Холодная мгла окутывала его лицо. Где были все ночные гуляки? Может быть, пока он был на Амазонке, произошло восстание и ввели комендантский час? Он никогда не видел, чтобы город был таким тихим. И куда, черт подери, подевались все машины? Не было слышно привычного шума уличного движения – кто-то включил систему «Долби» на дорогах. Он не слышал даже прибоя в паре сотен ярдов отсюда. Туман заглушил все, как будто в ушах были хлопковые шарики. Ни огней, ни звуков. Ничего.
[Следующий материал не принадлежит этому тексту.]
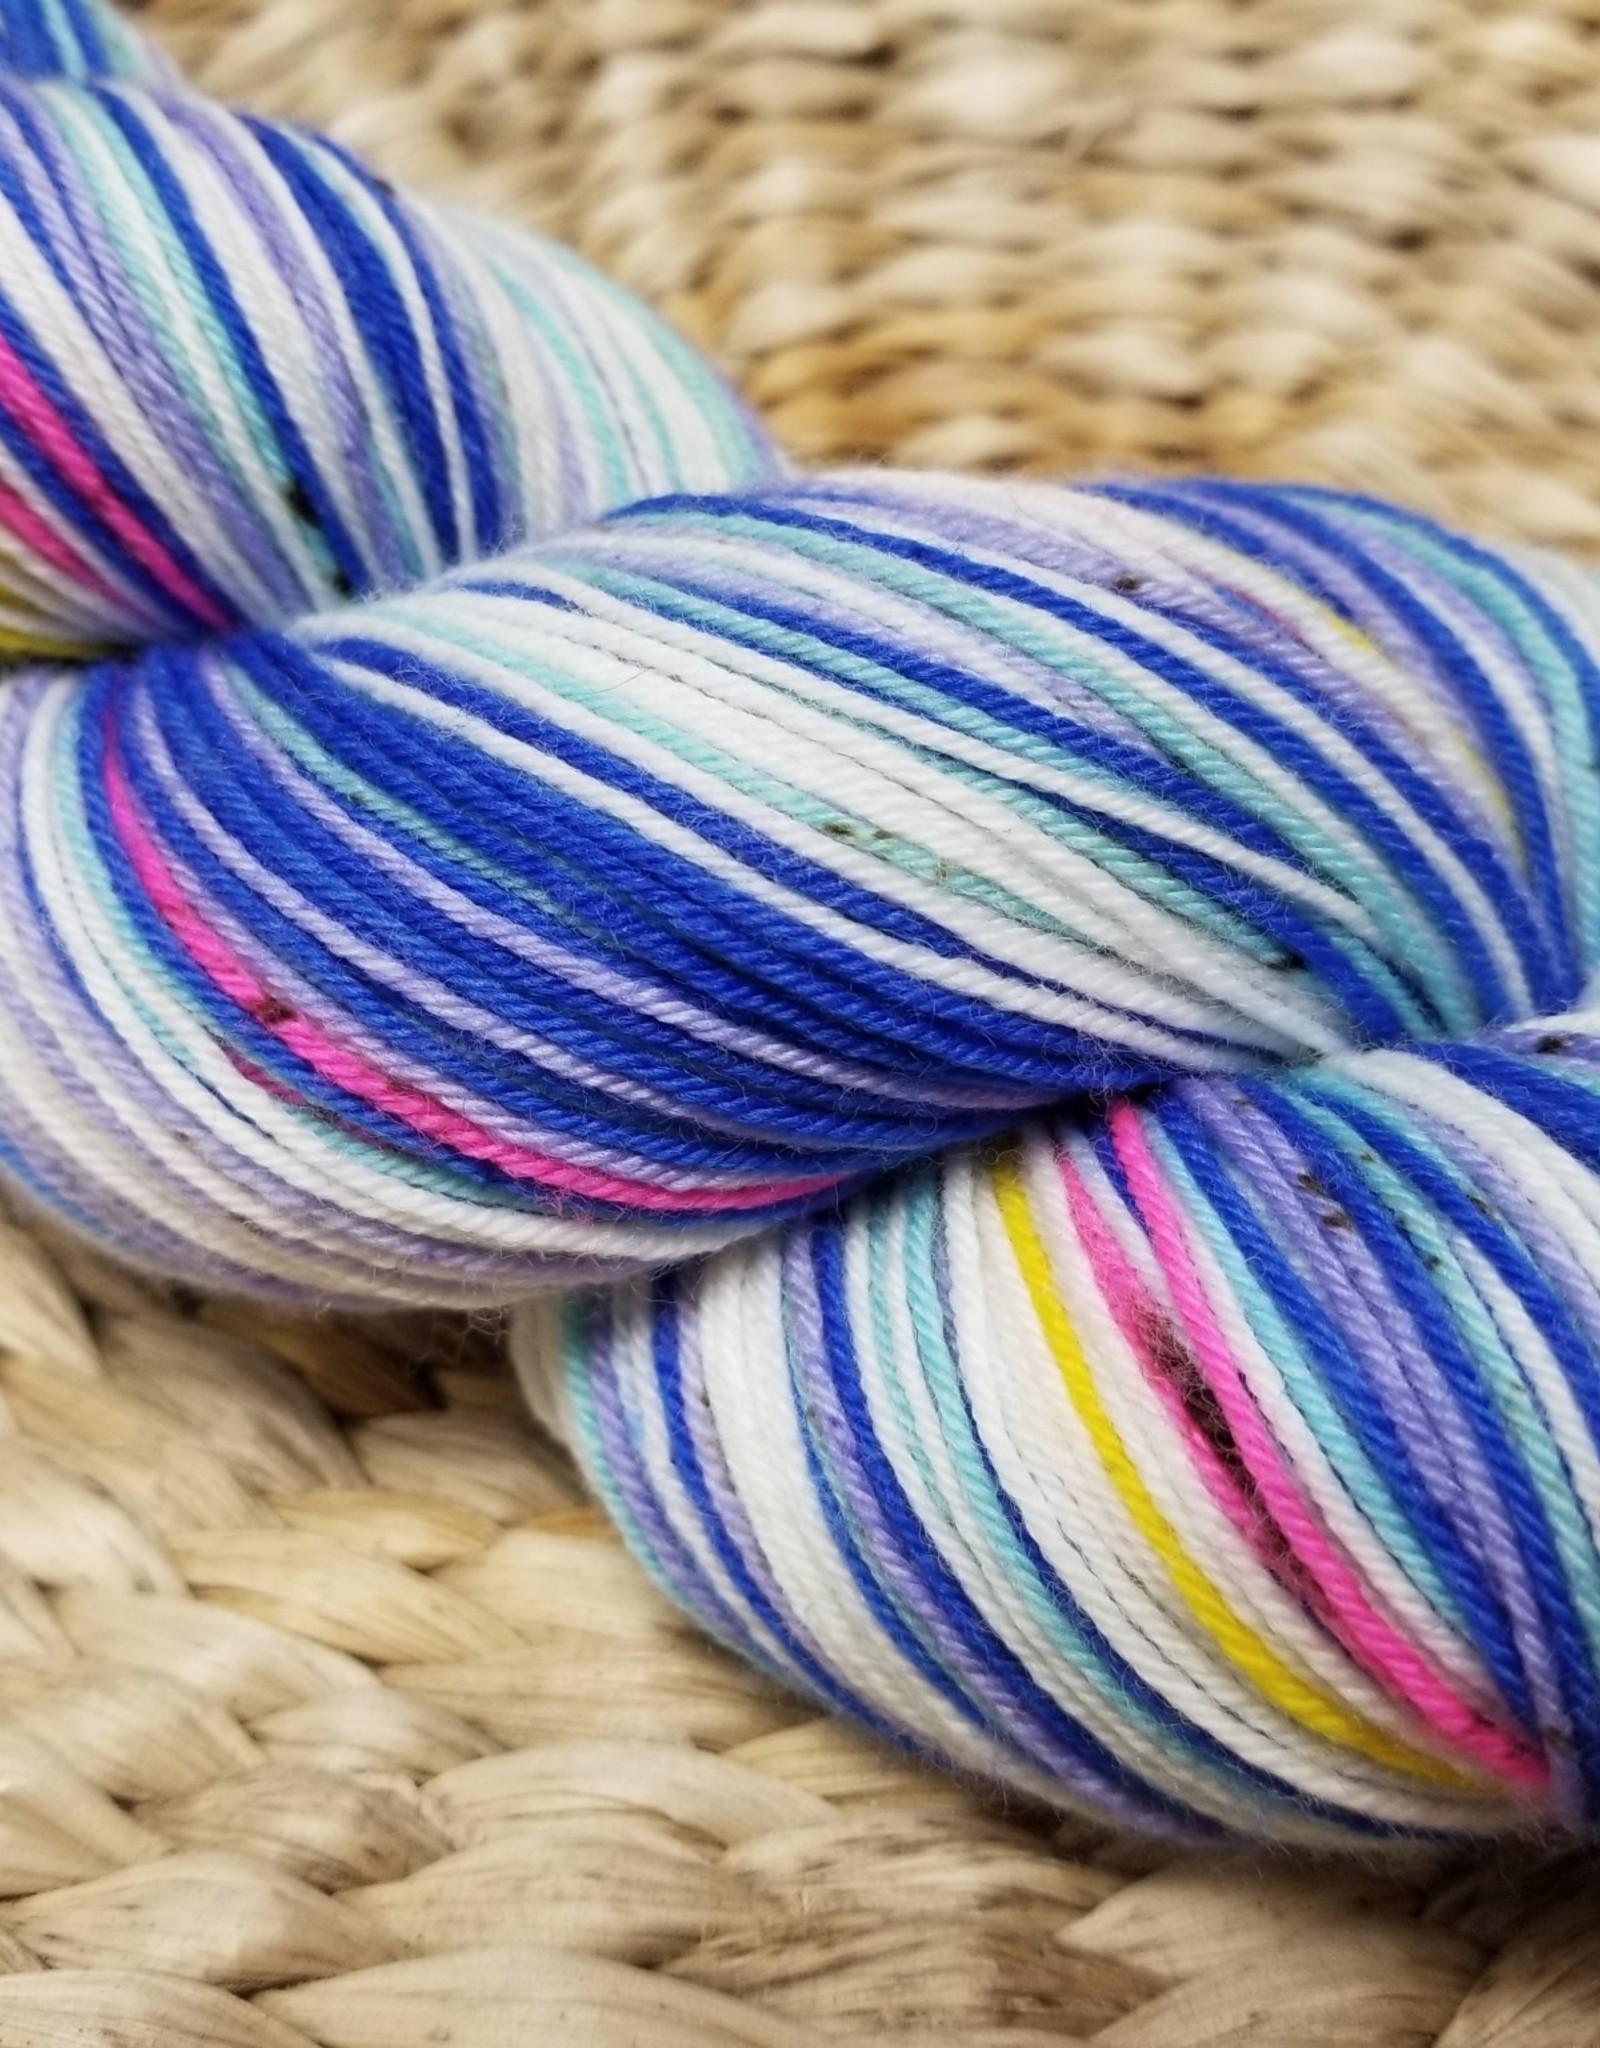 Artistic Yarns By Abi Self Striping Easter Peeps Sock Yarn

Стоя на высоте десяти этажей, он внезапно был захвачен приступом головокружения, как будто земля быстро поднималась к его лицу.
Он моргнул, и головокружение прошло.
Майк, пошатываясь, вошёл обратно в комнату и, по давно сложившейся привычке, включил свой ноутбук фирмы «Эппл», стоявший на столике в изножье кровати, собираясь выйти в сеть и поболтать. Но потом понял, что у него недостаточно энергии или терпения для всего этого занудства. Не сегодня. Он вспомнил, как его братец Денни всегда презирал чаты и не мог понять его пристрастия к ним. Он спросил бы: «Что такого в комнате, полной незнакомцев за клавиатурами, что заставляет их стремиться переплюнуть друг друга в словесных вывертах? То, что она объявляет мораторий на манеры? Паузы? Опечатки? Анонимность?» Майк тихо засмеялся. Он не мог объяснить брату, что чувствовал себя в чатах дома – больше, чем где бы то ни было. Вовлечённым. Защищённым. К тому же в этом виртуальном окружении был своеобразный комфорт: ты мог быть кем угодно. И мог выйти в любую минуту.
Телефон на столике зазвонил.
– Глинн.
– Вы хотите, чтобы вас разбудили, сэр?
– Отвали, – ответил он и повесил трубку. Он ненавидел, когда прислуга начинала обращаться с ним как с членом семьи, предвосхищая его желания. Время менять жильё, подумал он.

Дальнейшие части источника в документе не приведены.